### GIVEN INFORMATION
● ● ● ●

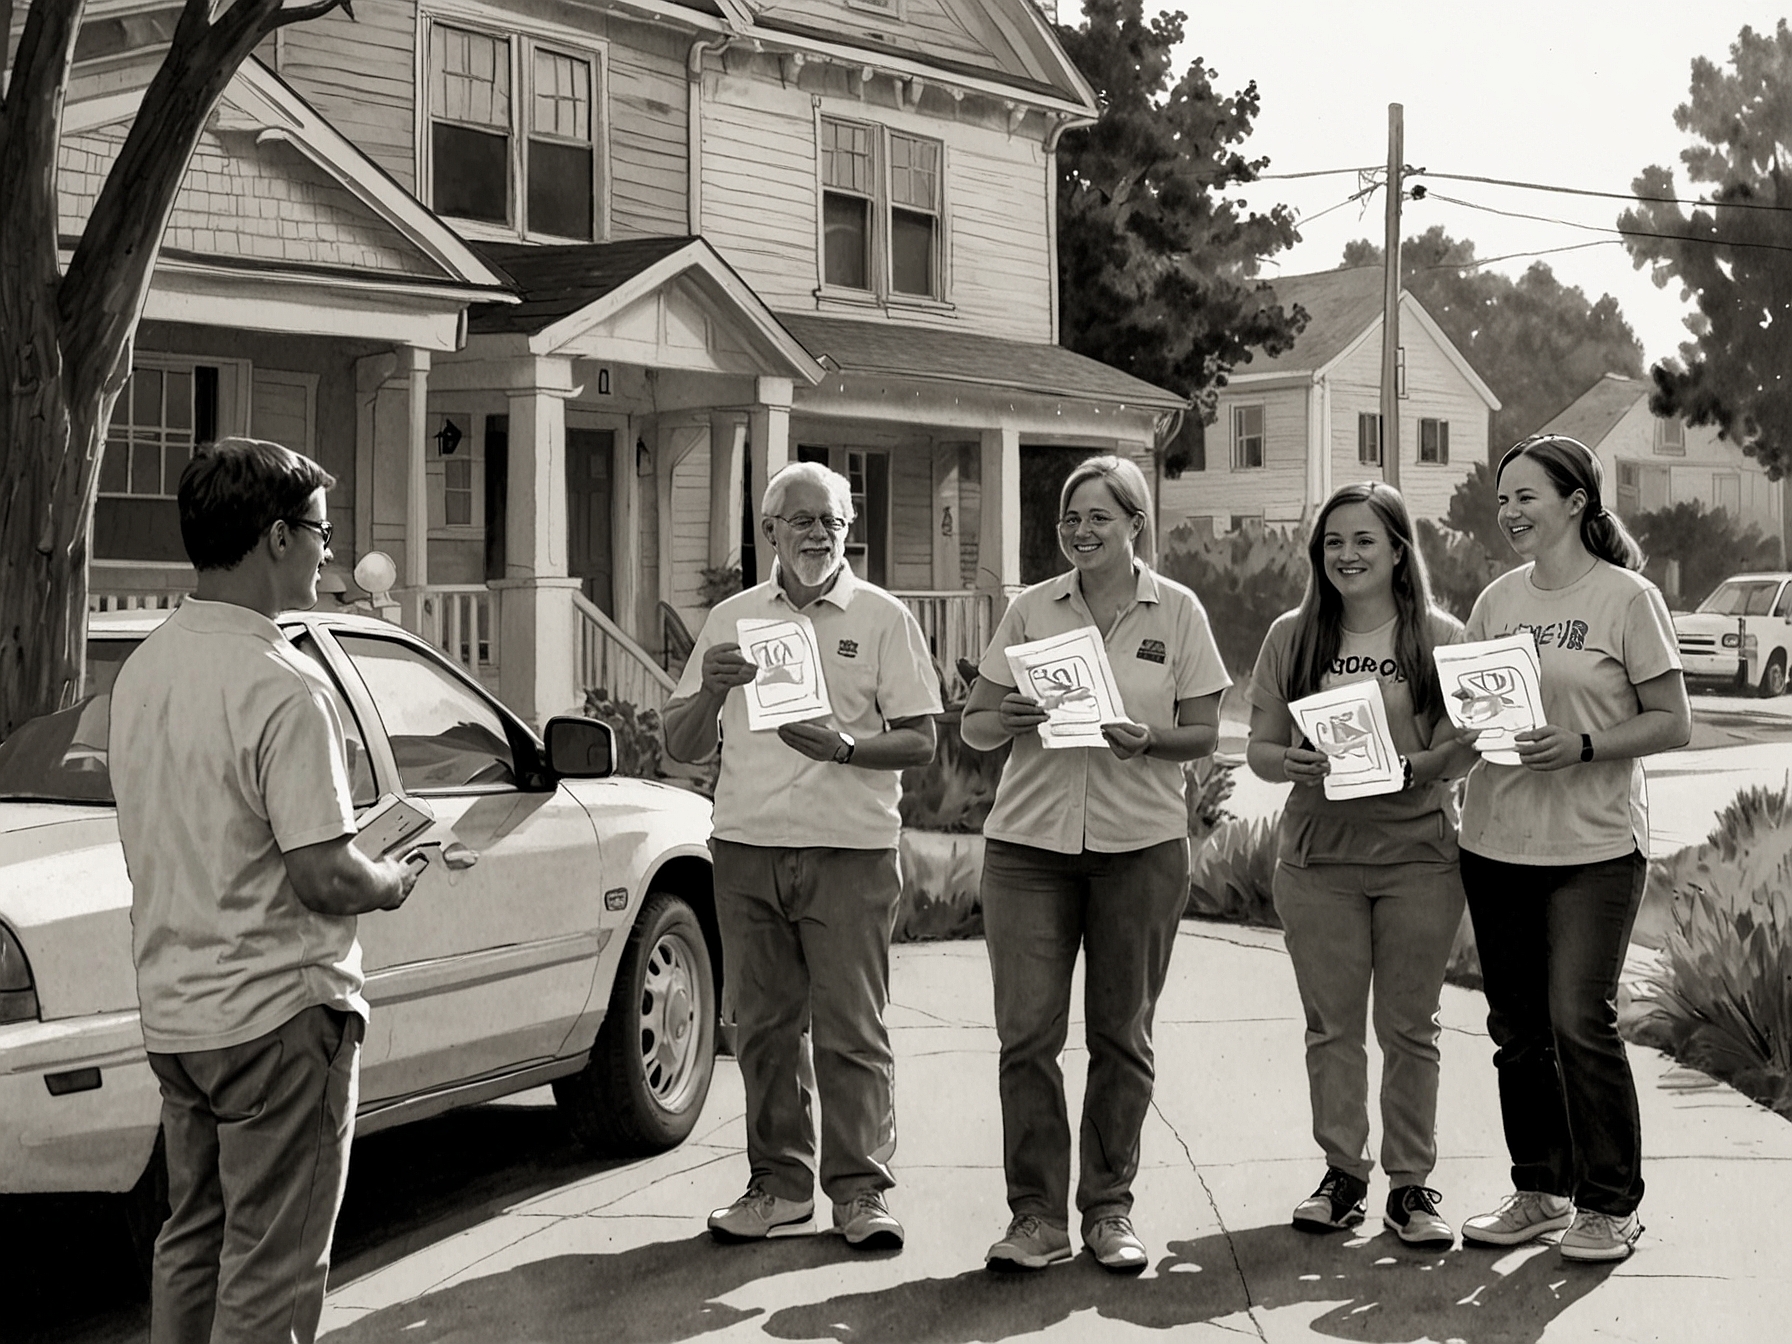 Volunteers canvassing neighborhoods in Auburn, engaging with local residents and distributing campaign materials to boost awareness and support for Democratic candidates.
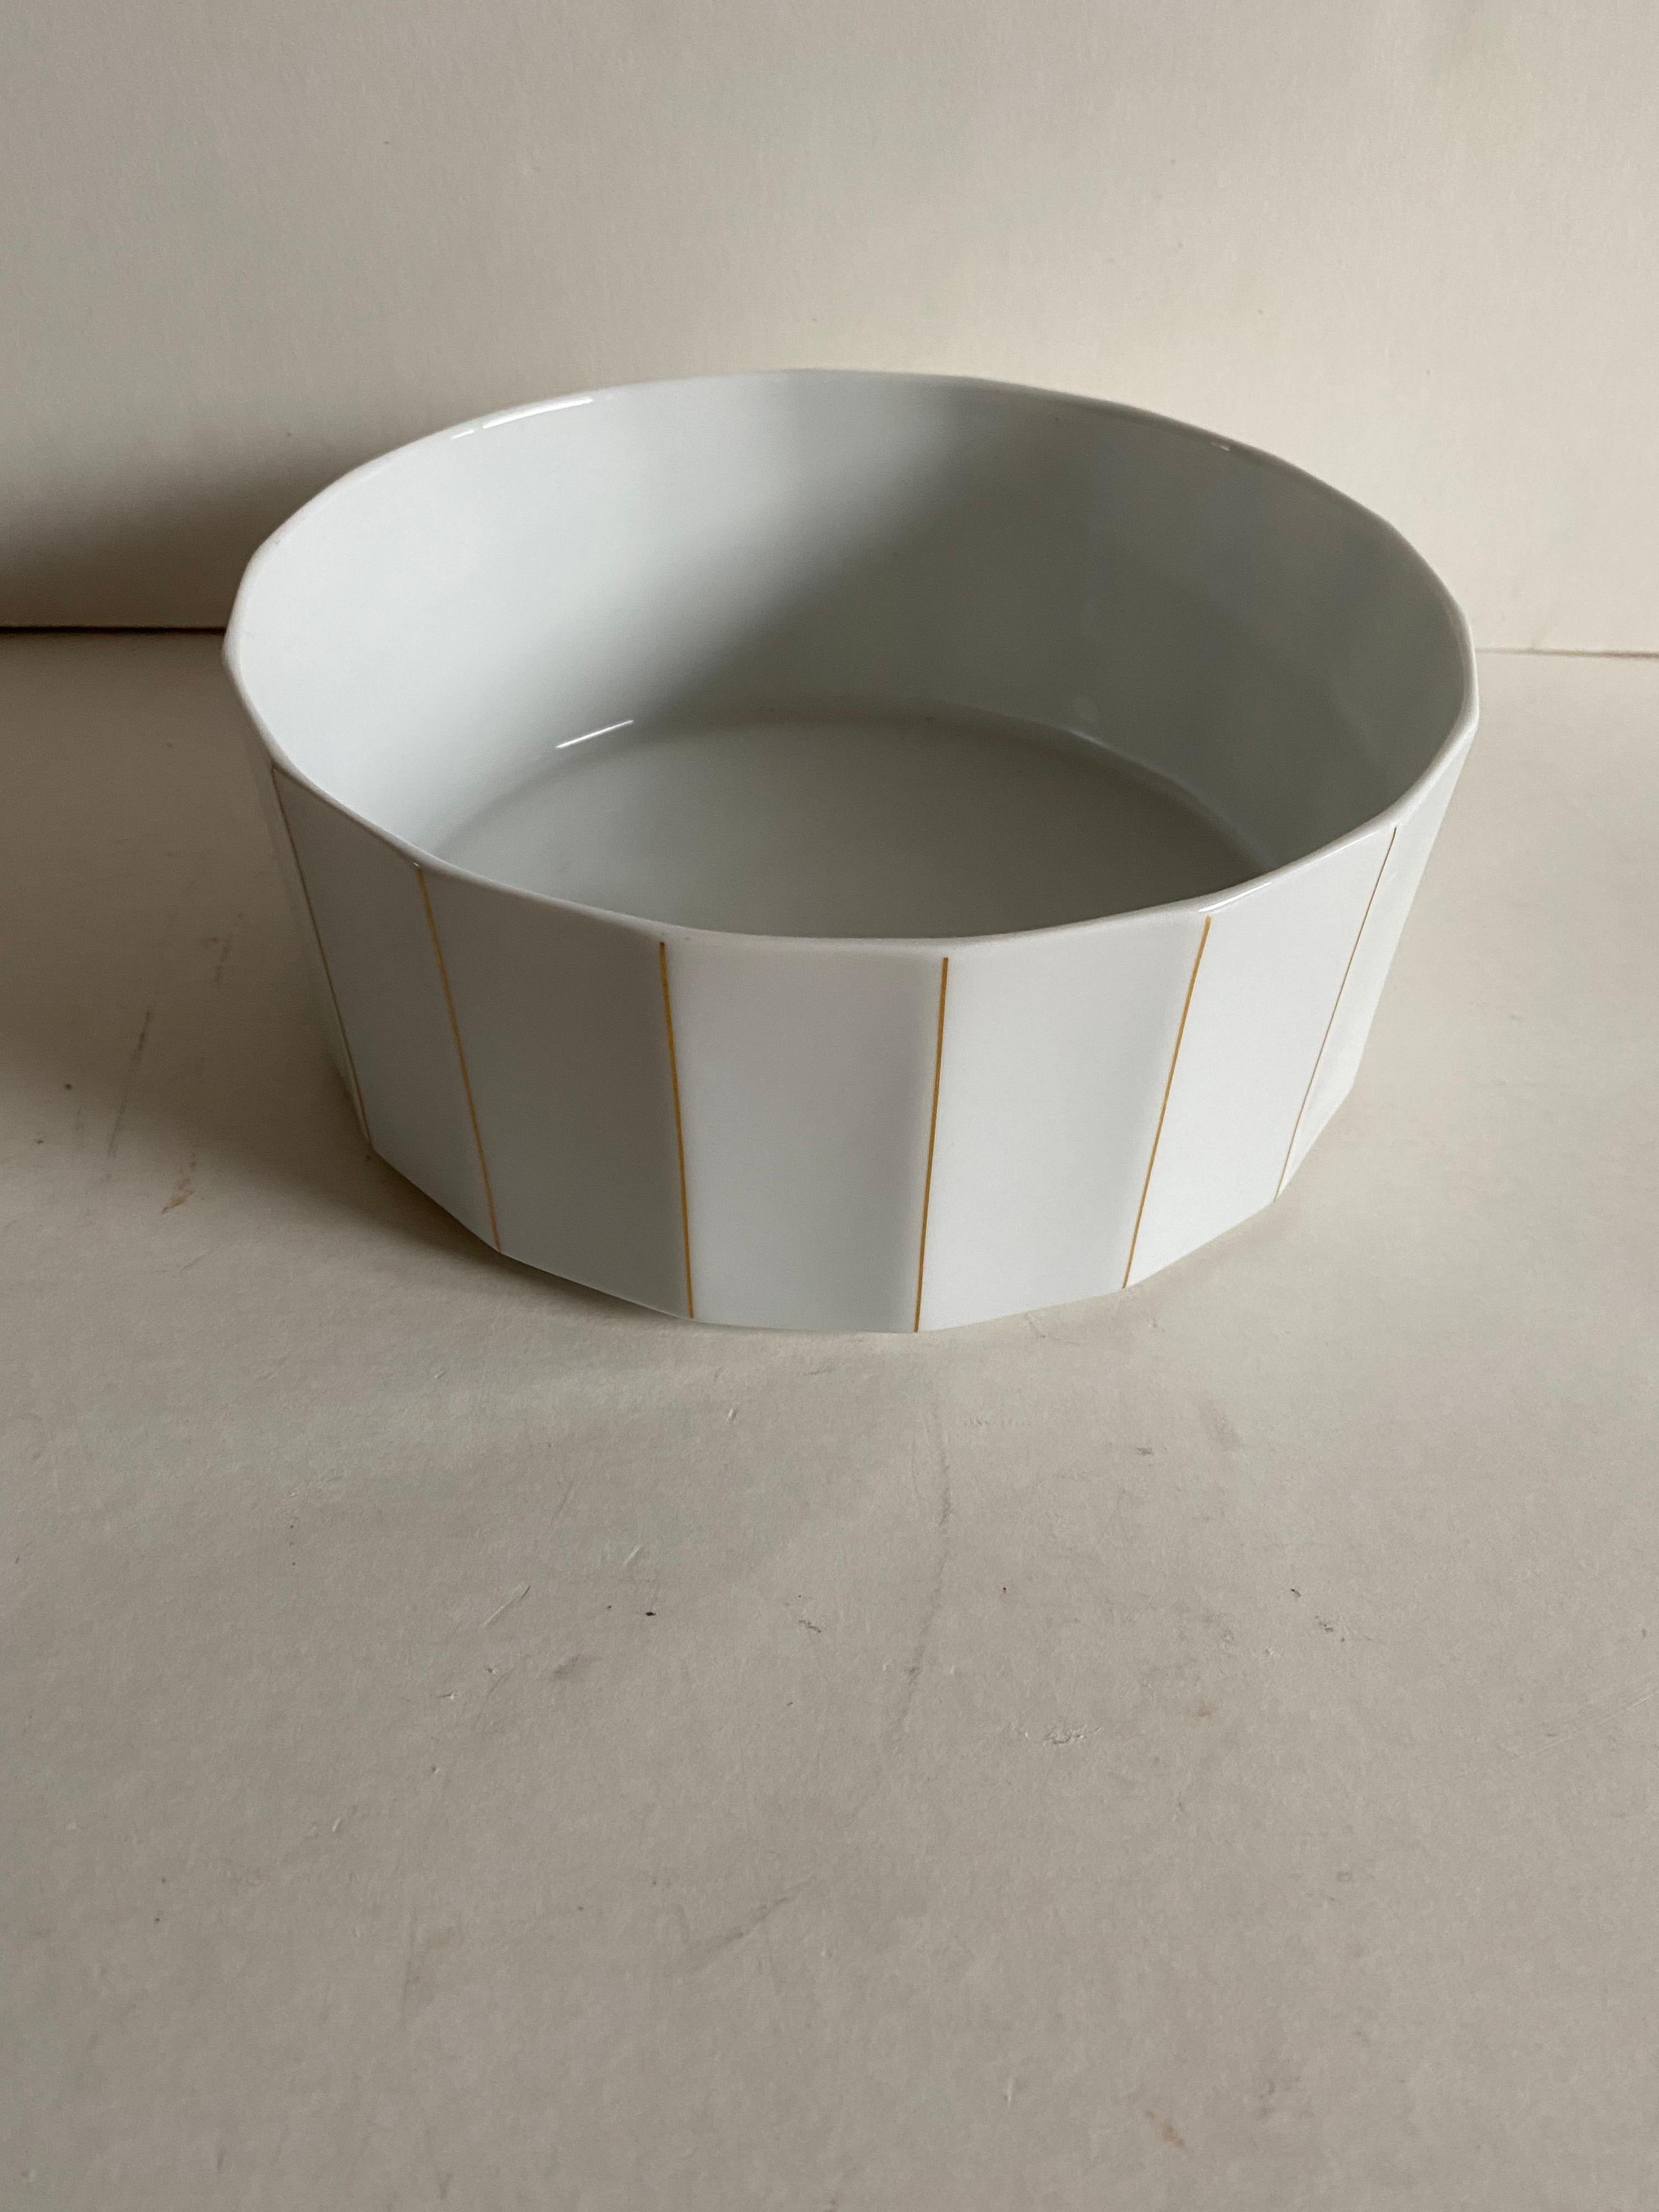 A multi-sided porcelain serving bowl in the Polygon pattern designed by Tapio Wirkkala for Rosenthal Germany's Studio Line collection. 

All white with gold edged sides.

● ● ● ●

### TASK DIRECTIONS
Could you give the listing again exactly as it stands, minus any pictures?

### RESPONSE TO THIS EXERCISE
 Volunteers canvassing neighborhoods in Auburn, engaging with local residents and distributing campaign materials to boost awareness and support for Democratic candidates.
 A multi-sided porcelain serving bowl in the Polygon pattern designed by Tapio Wirkkala for Rosenthal Germany's Studio Line collection. 

All white with gold edged sides.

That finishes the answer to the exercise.